On Sunday, his girlfriend and his stepfather mourned at a simple cross-and-stone memorial set in the thick sand and waited in the blistering heat for a locksmith to arrive to change the ignition lock in Freeman’s truck so they could take it home. His keys had been lost in the chaos; the coroner found only a lighter in his pocket.
“I’m just in shock. It’s not real yet, it hasn’t soaked in,” said Randall Peterson, his grieving stepfather.
Freeman’s girlfriend, Nicky Carmikle, sobbed as she knelt down and placed her boyfriend’s camouflage baseball hat in the center of the stone circle surrounding the wooden cross.
Carmikle recalled how she had stepped away from the race for a few minutes to use the bathroom and returned to find the truck upside down, bodies everywhere and people screaming in panic.

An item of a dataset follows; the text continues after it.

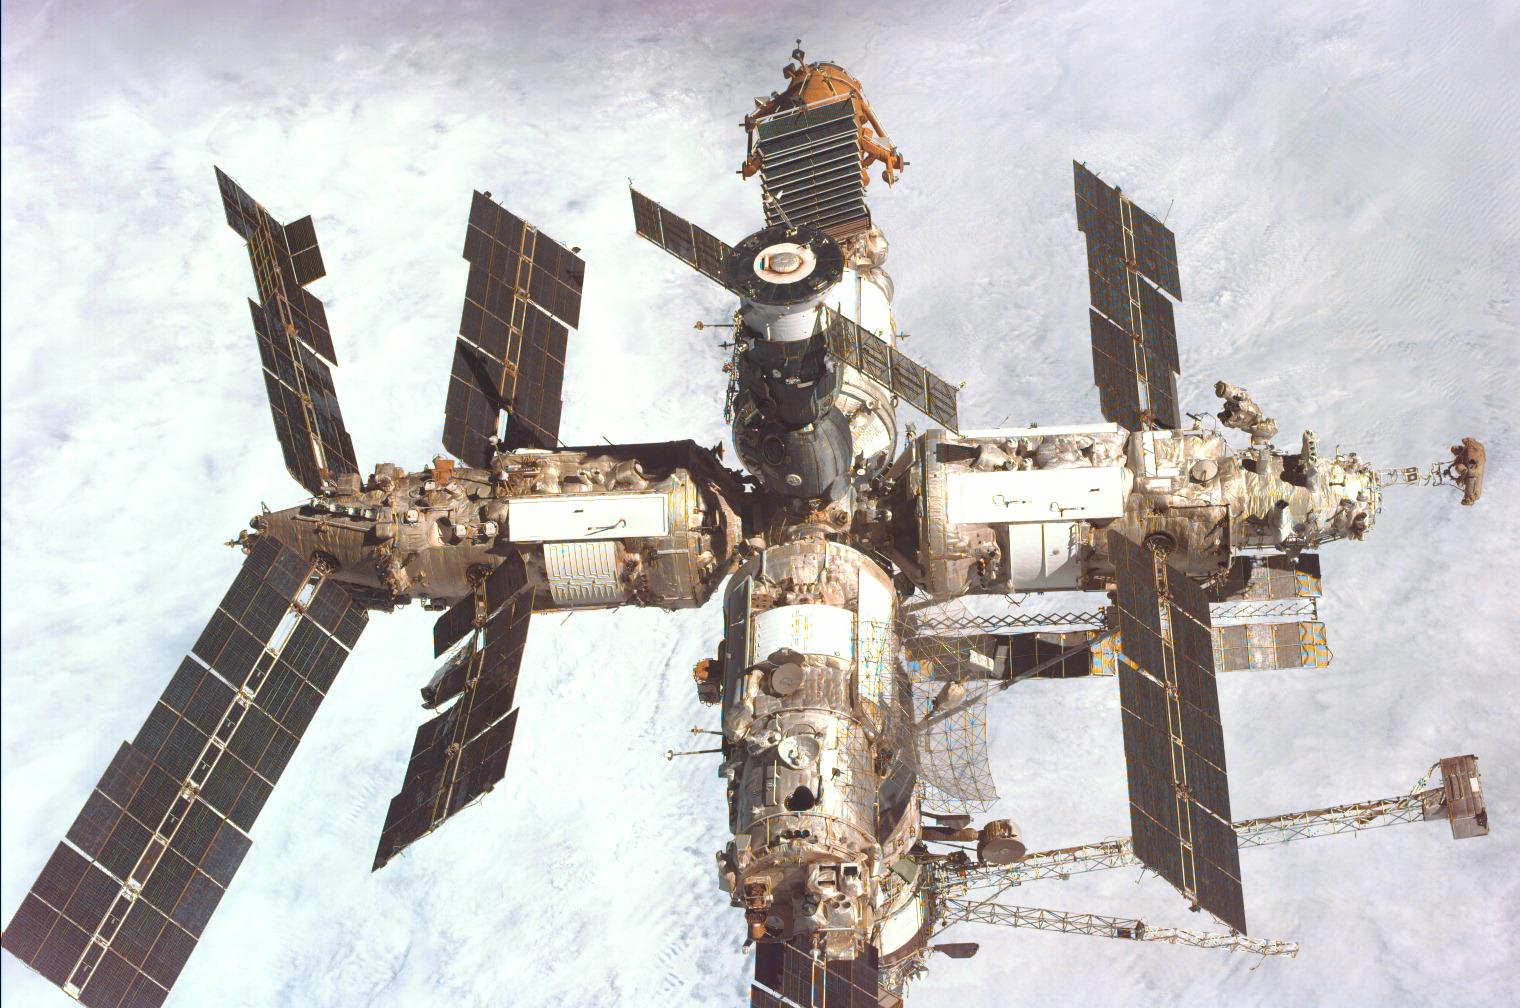 Ein Sinnbild für die Produktivität russischer Wissenschaftler: die Raumstation

“His shoes are still over there. I can’t even look,” she said, gesturing to a bag full of abandoned clothing, shoes and blankets, some stained with blood. “It just isn’t fair, it isn’t right.”
Those who witnessed the accident said the crowd pressed close to the track and could almost touch the trucks as they hurtled and bounced over the desert sand.
Shortly after the race began, one driver took a jump at high speed, hit his brakes on landing and rolled his truck sideways into spectators, sending bodies flying on a section of track that had no guardrails or anything else to keep the crowd back. Eight people were killed and 12 were injured.
“You could touch it if you wanted to. It’s part of the excitement,” Carmikle said. “There’s always that risk factor, but you just don’t expect that it will happen to you.”
California Highway Patrol Officer Joaquin Zubieta said Brett M. Sloppy, 28, of San Marcos, was behind the wheel of the truck involved in the crash. Zubieta said alcohol was not a factor in the crash and there were no plans to arrest Sloppy, who the CHP estimates was going 45 to 50 mph at the time of the crash.